HOW: (a) descriptive research: analyze high-risk situations that are used in AUD related CET and (b) qualitative research: interviewing AUD inpatients in which they had to rate the level of craving (0 = no craving, 4 = very strong craving) and self-efficacy (0 = no self-efficacy, 5 = very much self-efficacy), and level of perceived risk (1 = low, 2= high) for relapse for 31 high-risk environments based on a workbook used in cognitive-behavioral therapy. The focus was on physical surroundings as a first step to build in VR and less on emotional contexts (as these are more complex and expensive to create).
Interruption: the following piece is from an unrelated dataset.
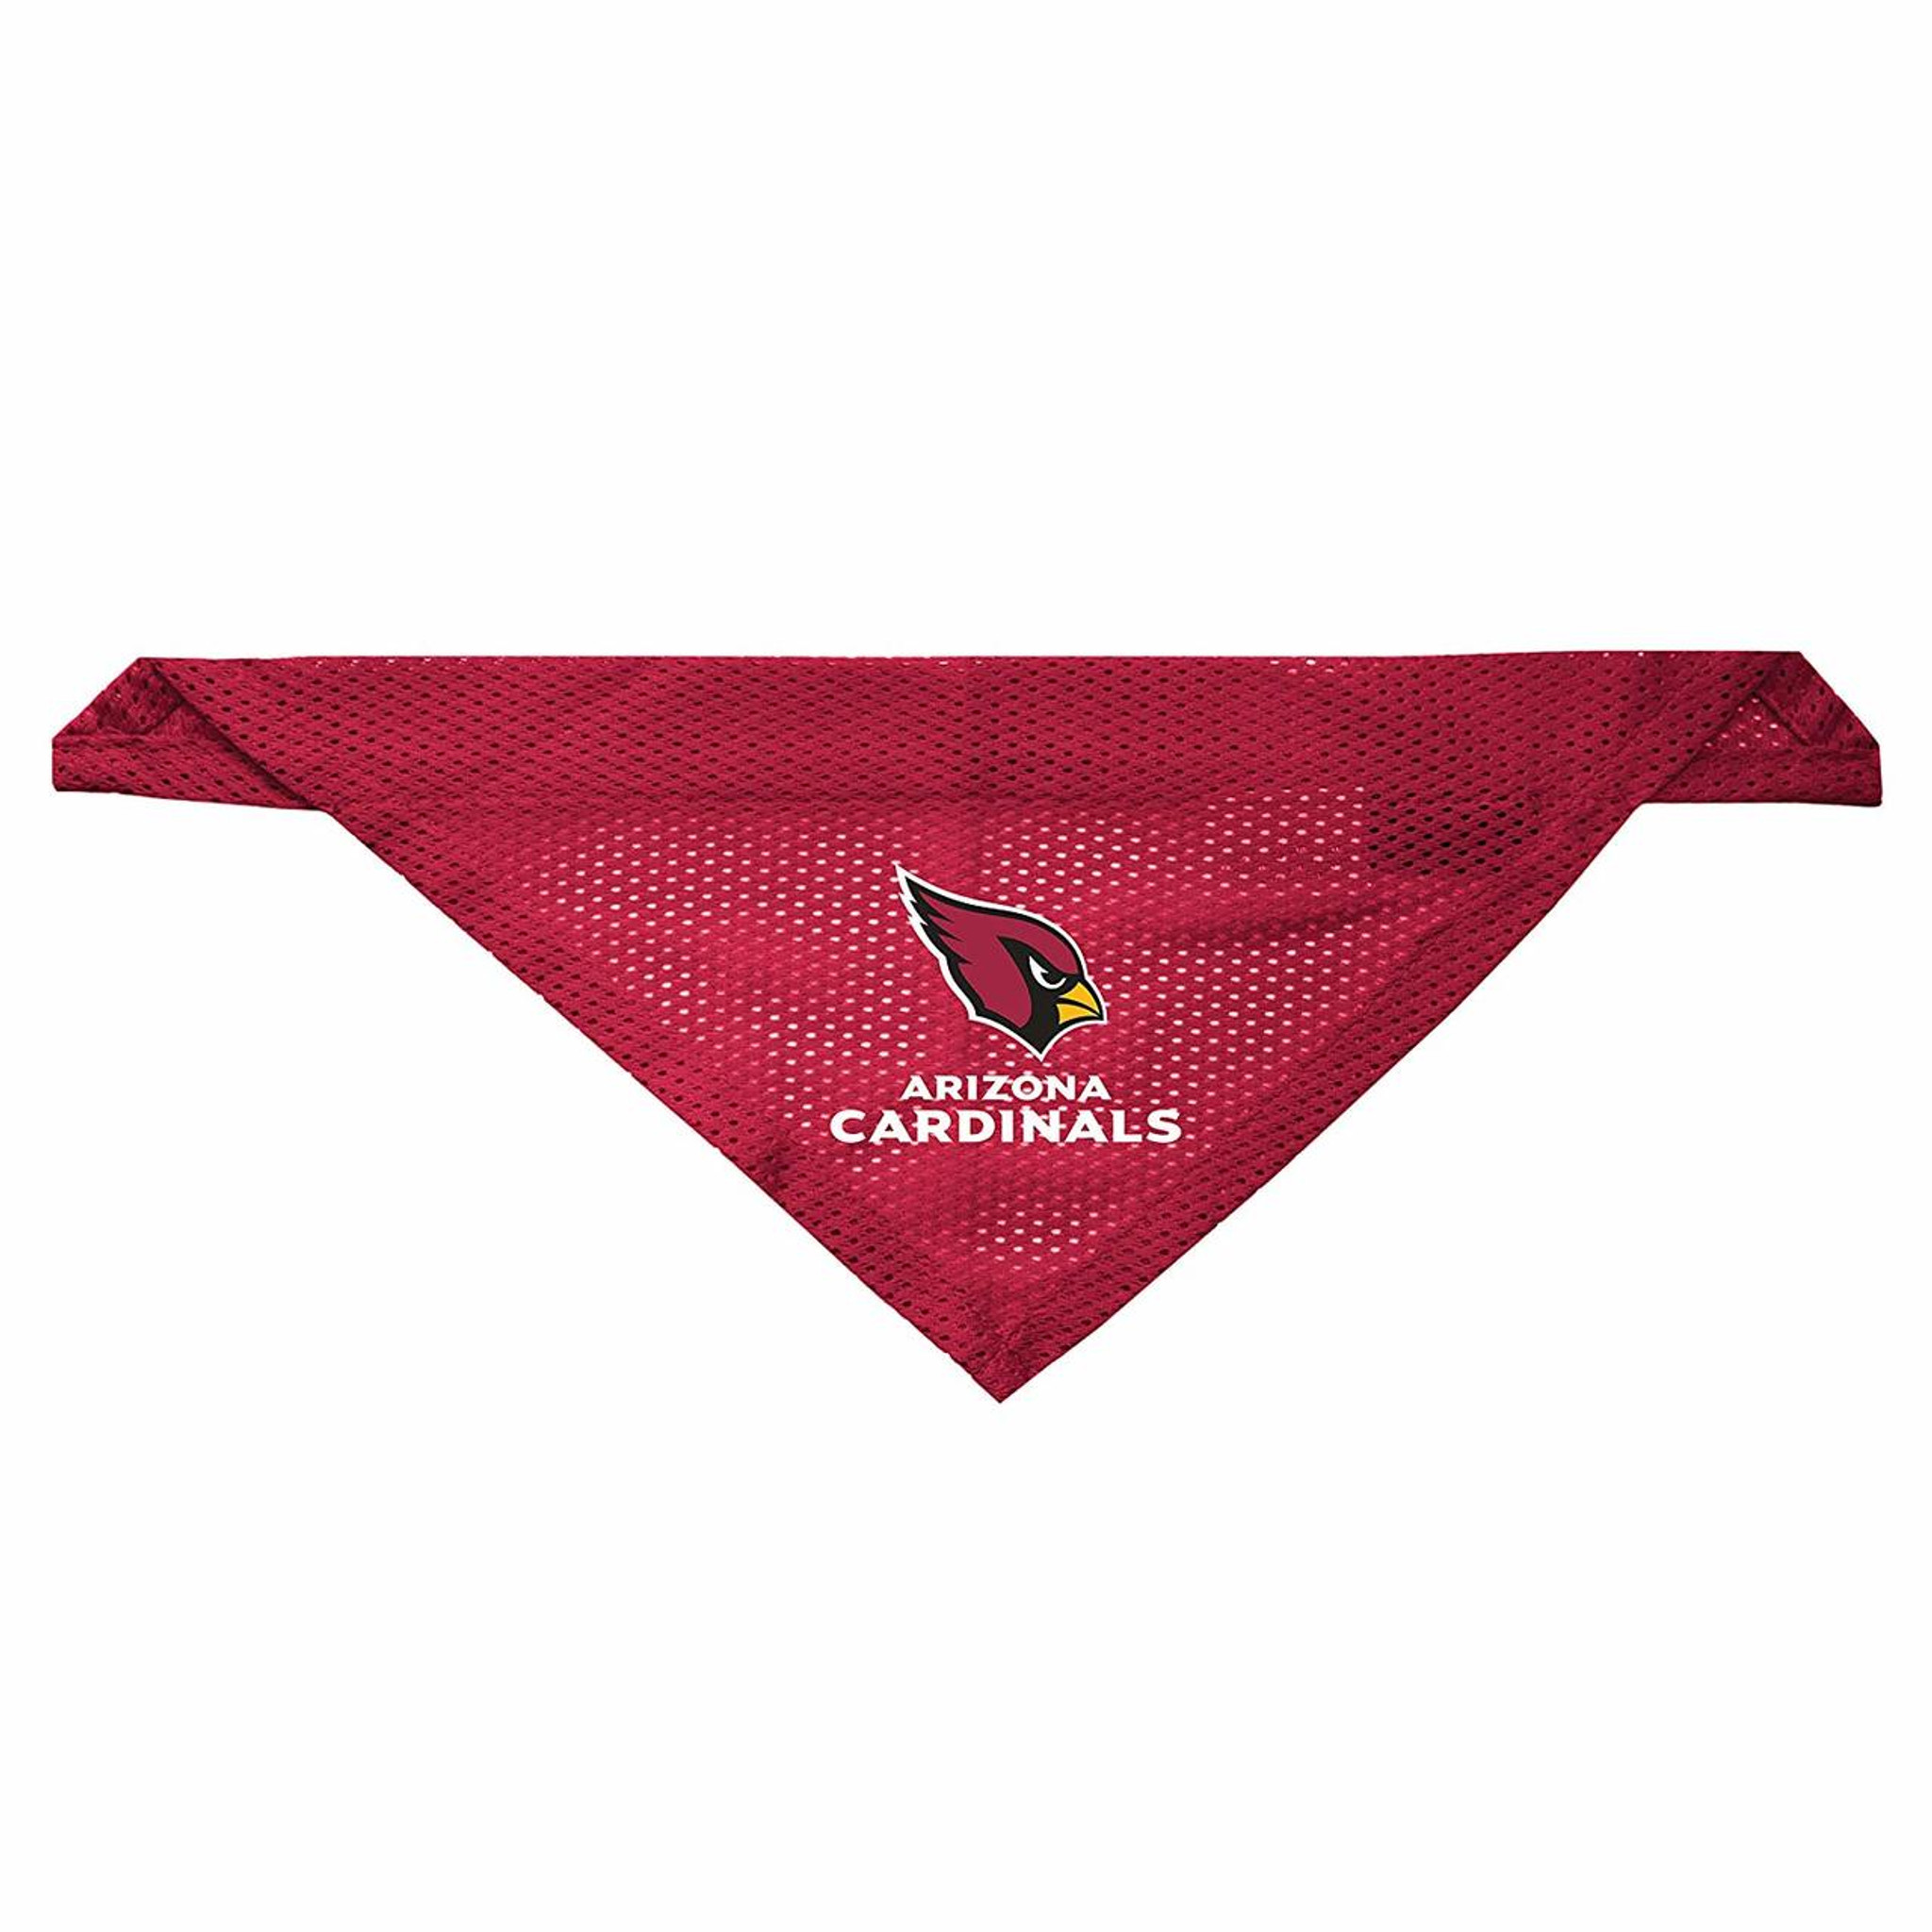 Arizona Cardinals Pet Jersey
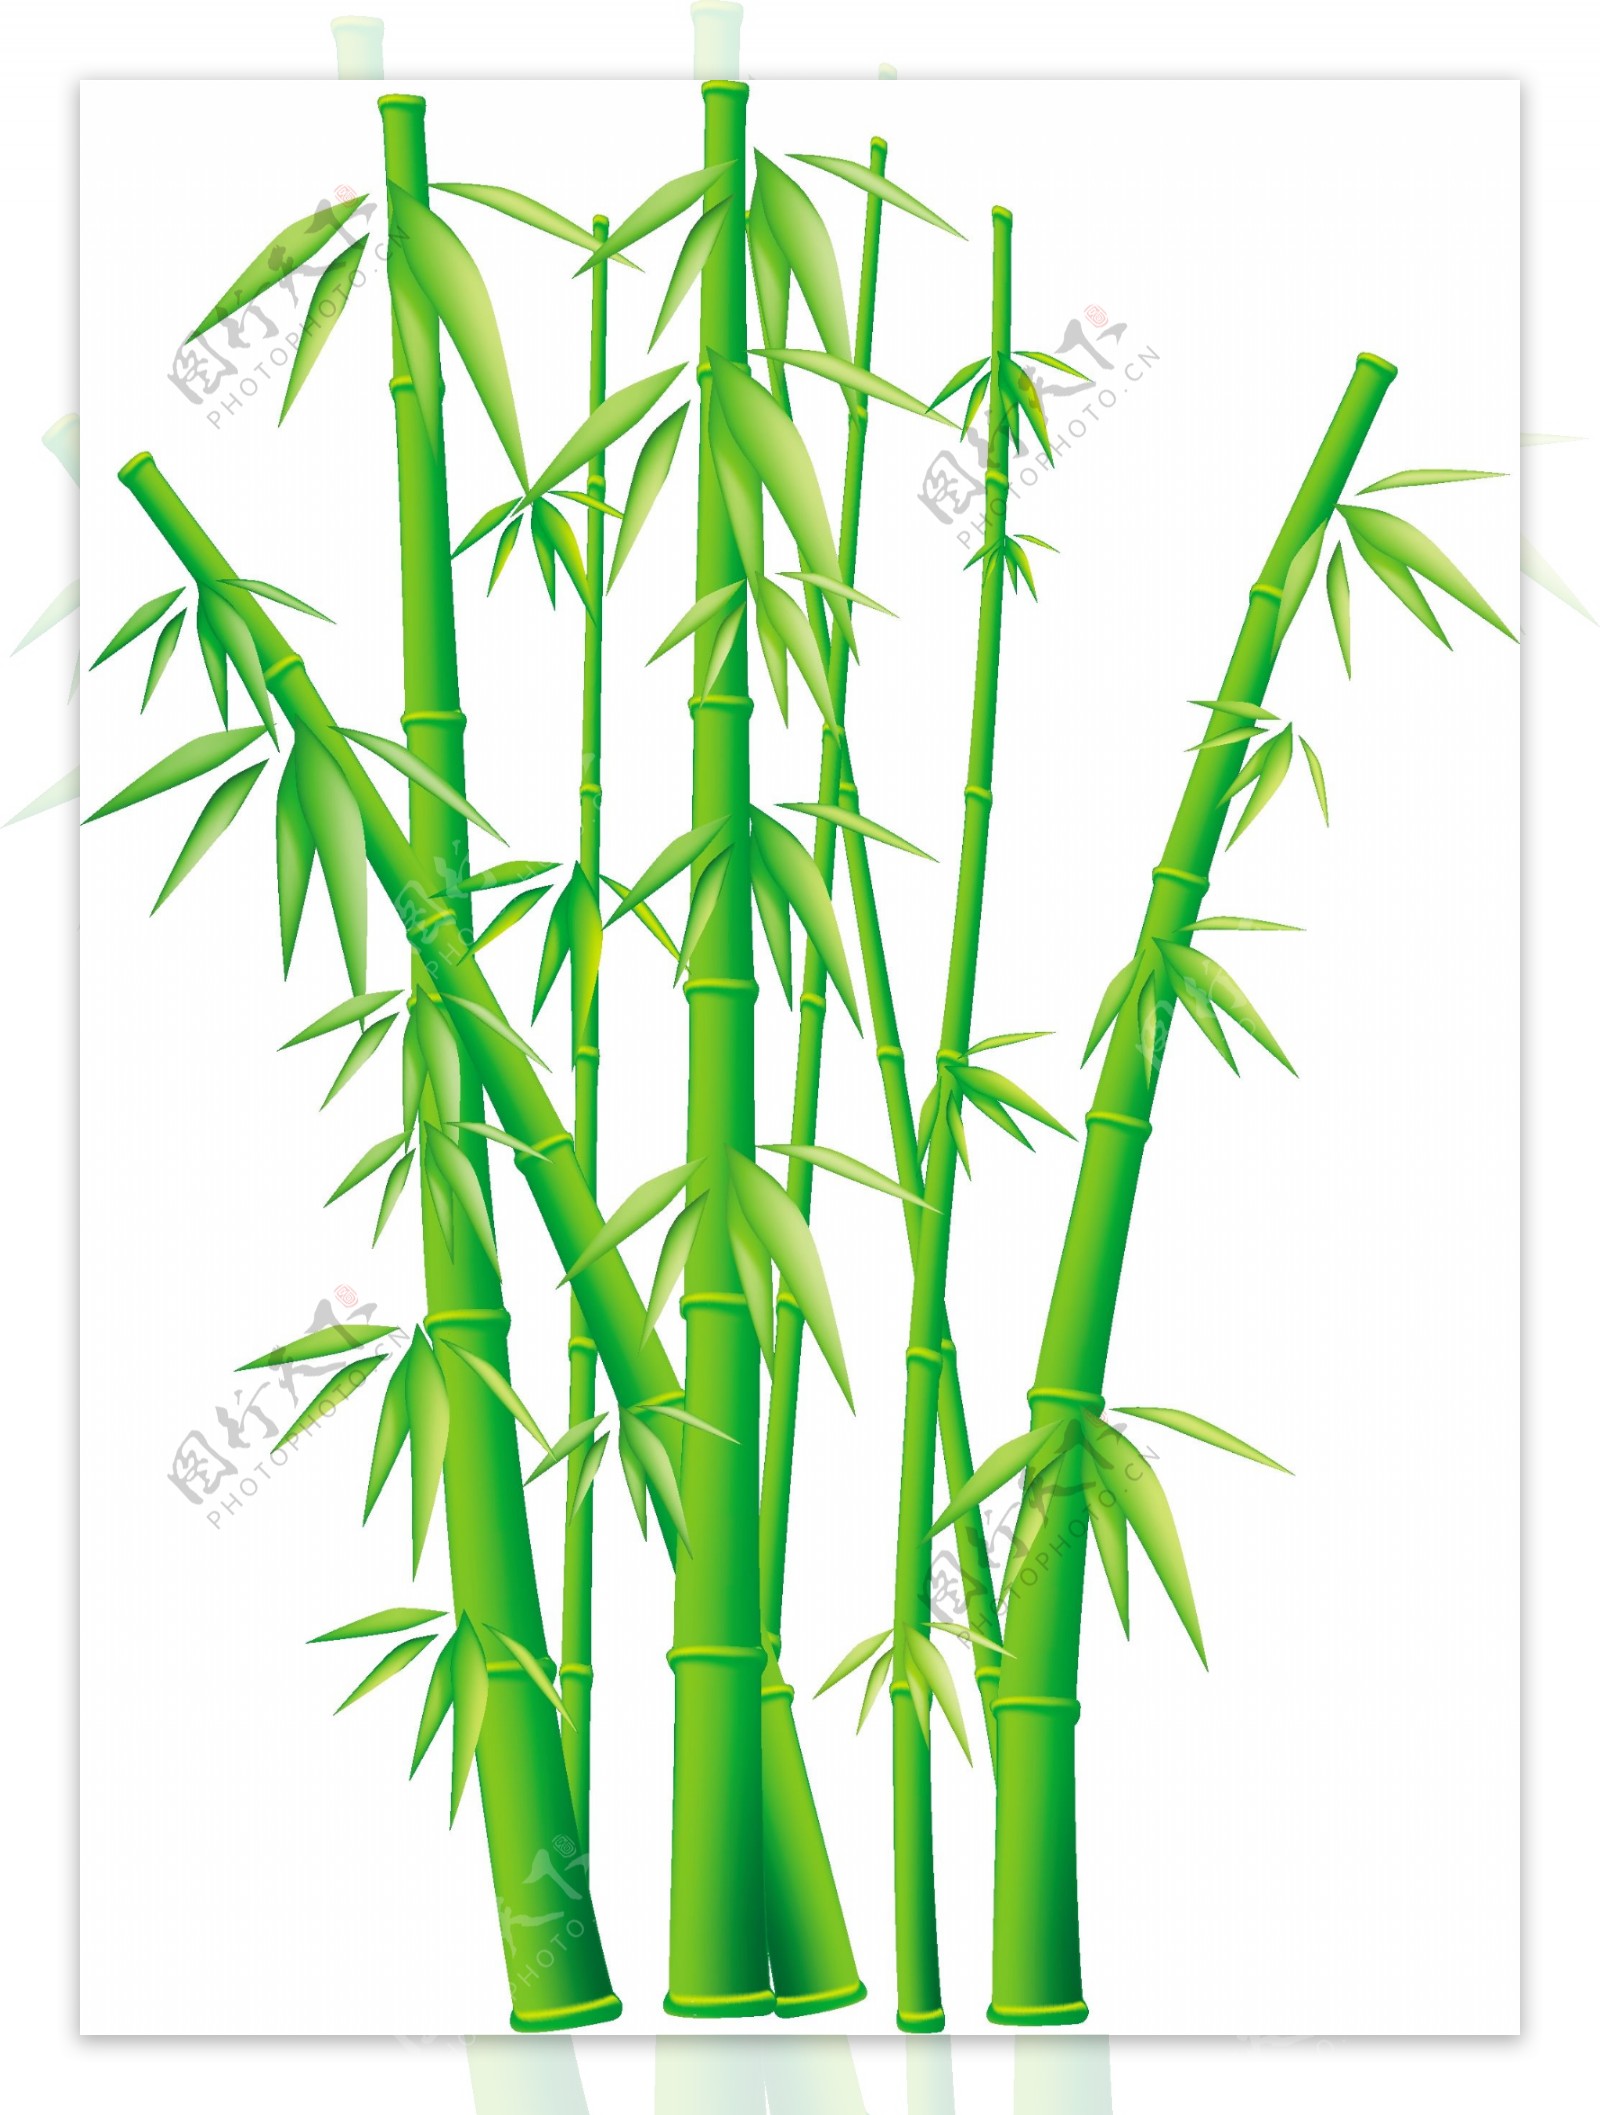 大量供应优质安吉白竹 干竹竿 竹杆 均匀美观 结实耐用-阿里巴巴

WHO: 13 alcohol dependent inpatients (adults with an average age 50 and 75% male), were interviewed with a primary diagnosis of alcohol dependence and fulfilled the diagnostic criteria for alcohol dependency according to DSM-V (on average 18 years of use before first treatment), had been in detoxification treatment for at least 4 days (average of ten days), with abstinence from psychoactive recreational drugs during treatment and no severe psychiatric or intellectual disability or impairment. All participants were depended on another drug as well (often nicotine and THC or Cocaine), and almost half had justice issues.

WHAT: alcohol-dependent inpatients can clearly differentiate which environmental cues form a trigger for their relapse. A challenge to create an efficient VRET related to AUD is the diversity of worlds and situations that trigger craving. Based on the self-reported levels of craving and self-efficacy two environments were selected out of the top ten perceived high-risk situations: (1) Being in a bar (seeing alcohol) and (2) Being at home (alone and seeing alcohol). Both environments we combined (in RECOVRY 2.0) with three top ten risk contexts: (a) when I drank alcohol, (b) seeing people drink and (c) getting offered alcohol.